Chang Shana was born in Lyon and lived in France till she was 6. Her parents were first-generation Chinese artists studying in France.
However, in 1943, the family moved to Dunhuang, a remote county in Gansu, because Chang Shuhong-by then a promising artist who had won several medals at salons in France-was inspired after reading about Dunhuang's Buddhist manuscripts and cave art in France.
In 1944, he became the founding director of the Dunhuang Art Institute (now the Dunhuang Academy). He gave up the prospect of furthering his art career and devoted himself to the protection and study of Dunhuang's treasures.
Chang Shana lived in Dunhuang for nearly six years before she was sent to the School of the Museum of Fine Arts in Boston, in the United States. In Dunhuang, where she leaned the basics of painting, she made facsimiles of the murals, under the guidance of her father, researchers at the institute and visiting artists.
Copies of her works are now on show at her solo exhibition, Everlasting Beauty of Dunhuang, at Beijing's National Art Museum of China.
These paintings show deities and sutras-a testimony to Dunhuang's past glories as a major stop on the ancient Silk Road.
Also, they encapsulate the memories of a teenage girl in Dunhuang, where she had to cope with harsh living conditions and her parents' divorce.
Liu Dawei, the chairman of the China Artists Association, remembers how difficult life in Dunhuang was in the late 1970s.
Liu, then a postgraduate of Chinese painting at the Central Academy of Fine Arts, traveled there with classmates to study the murals.
He says that during their stay, they were given lectures by Chang Shuhong at his home-a mud courtyard close to a dry riverbed in the vast desert-and they ate thick pancakes and pickled watermelon peel, which Chang said was what the institute staff had survived on for many years.

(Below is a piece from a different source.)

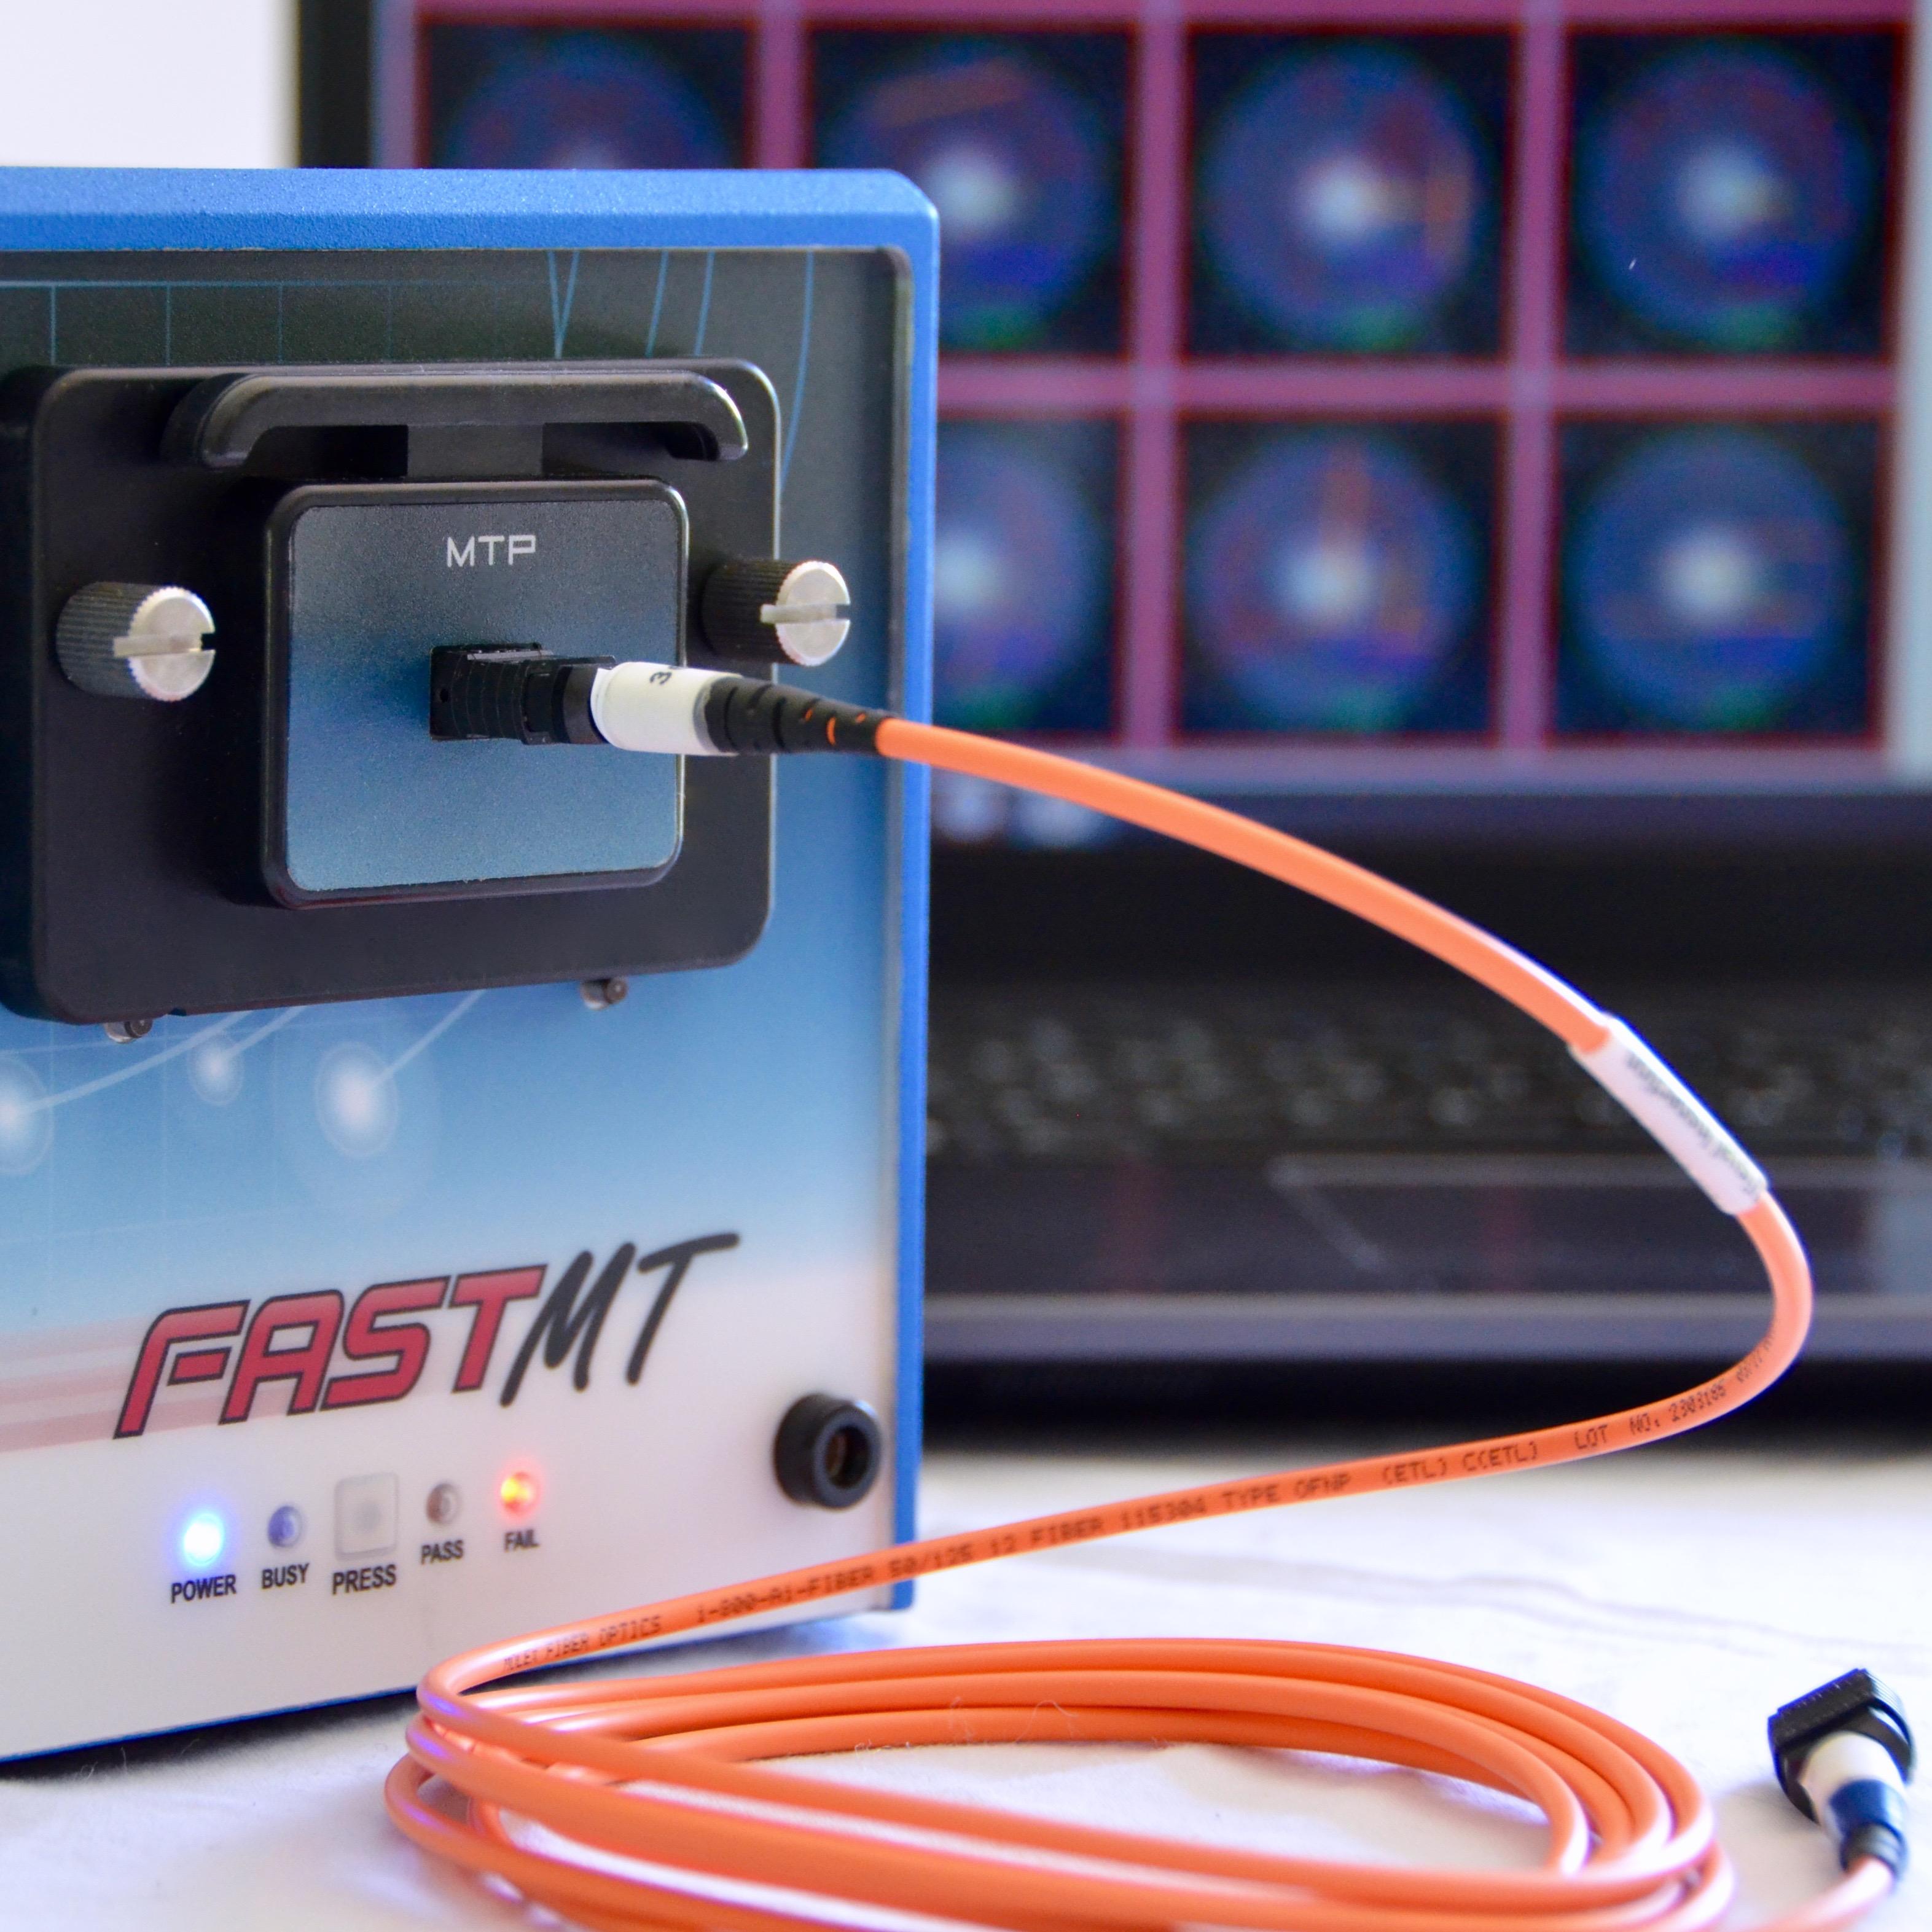 FastMT_MTP-fixture_laptop.jpg

While attending school and taking care of her younger brother, Chang Shana found great comfort and strength in painting.
She says that she spent her school holidays painting in the grottoes. In the day, she climbed the ladders and followed researchers into the caves. At night, she learned sketching.
She says she felt excited to enter the caves, which did not have doors. As the caves faced the east, sunlight would illuminate the colorful paintings on the walls.
"All day long, I was surrounded by beautiful Buddhist figures who looked so benign. Above my head were the caisson ceilings on which sophisticated patterns were arranged. And, what surrounded me were vivid sutra paintings.
"I used to feel so enthralled by the colors and details that I sang as I painted."